Zettelkasten Forum


Techniques: PDF Annotation?

I know there are a bunch of folks here who do more academic work than I, who have probably developed workflows around making annotations in PDF files. I'd like to know what y'all are doing in this space.

My Wants:

  • Notes must be in the Zettel, and thus in markdown.
  • I'd like to have references to pages
  • I'd really like to have something like "highlight some text and write a note referring to it", and this is the big challenge I see. How do I mark where in a pdf I'm referencing while using plain text stored outside the pdf?

My current method:
I just quote the line I want, write my comments, and put a [@bibtex] reference.
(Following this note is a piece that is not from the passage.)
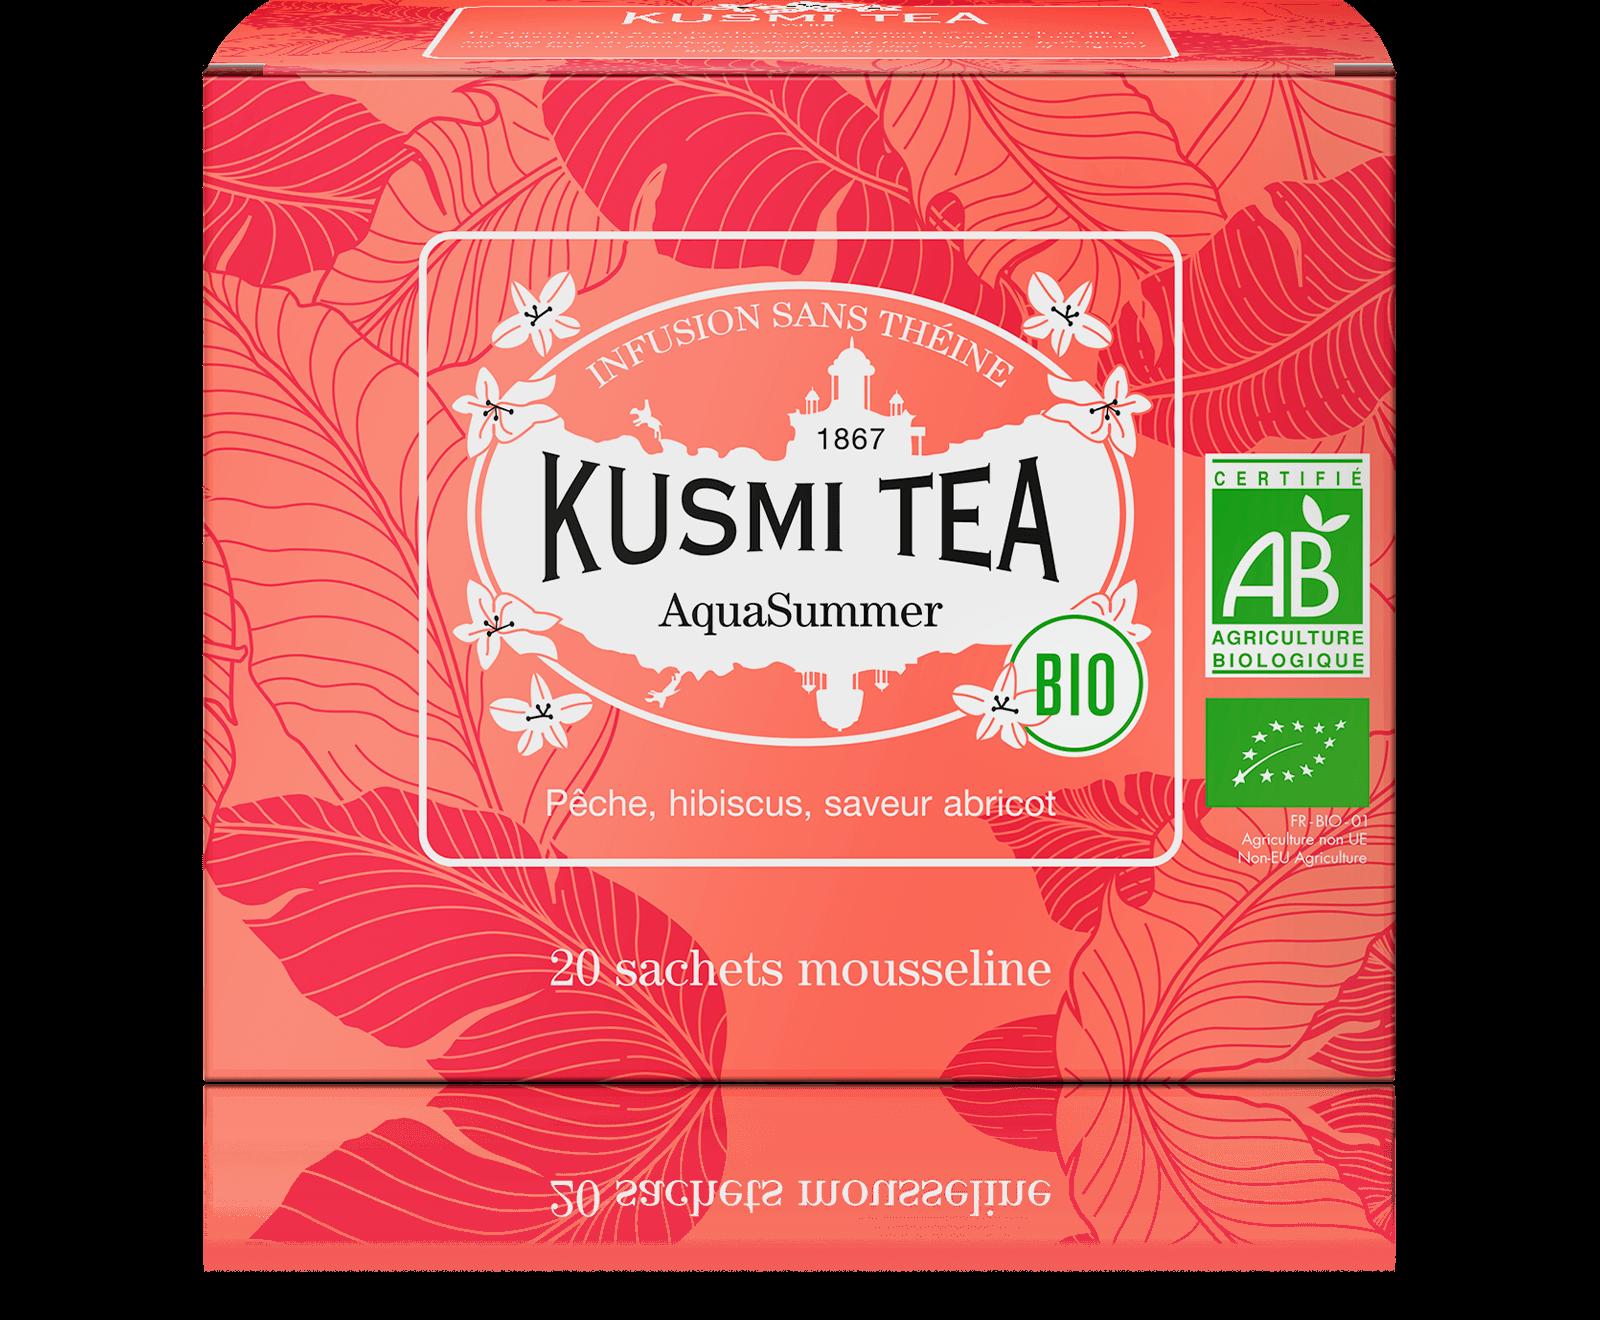 AquaSummer Infusion de fruits bio - Infusion hibiscus, pêche, abricot - Sachets de thé - Kusmi Tea

Mostly it's one note per book, but if something inspires a break out note that's a thing I do too. Also I barely understand bibtex, so seeing how other people use it might be helpful.

Thanks!

[EDIT: After writing this I scrolled down and saw this forum post, which addresses some of the questions I have. But I'm still interested in talking about general techniques here.]

Comments

  • References to pages can be easy. You just have to decide:

    • do you want one cite-key per reference (PDF + page)
    • can you live with just one cite-key per PDF

    in your bib file?

    The latter is more or less the standard way if I am correct. With pandoc, you can add page numbers, chapter numbers, etc, just after a comma (see http://pandoc.org/demo/example19/Extension-citations.html)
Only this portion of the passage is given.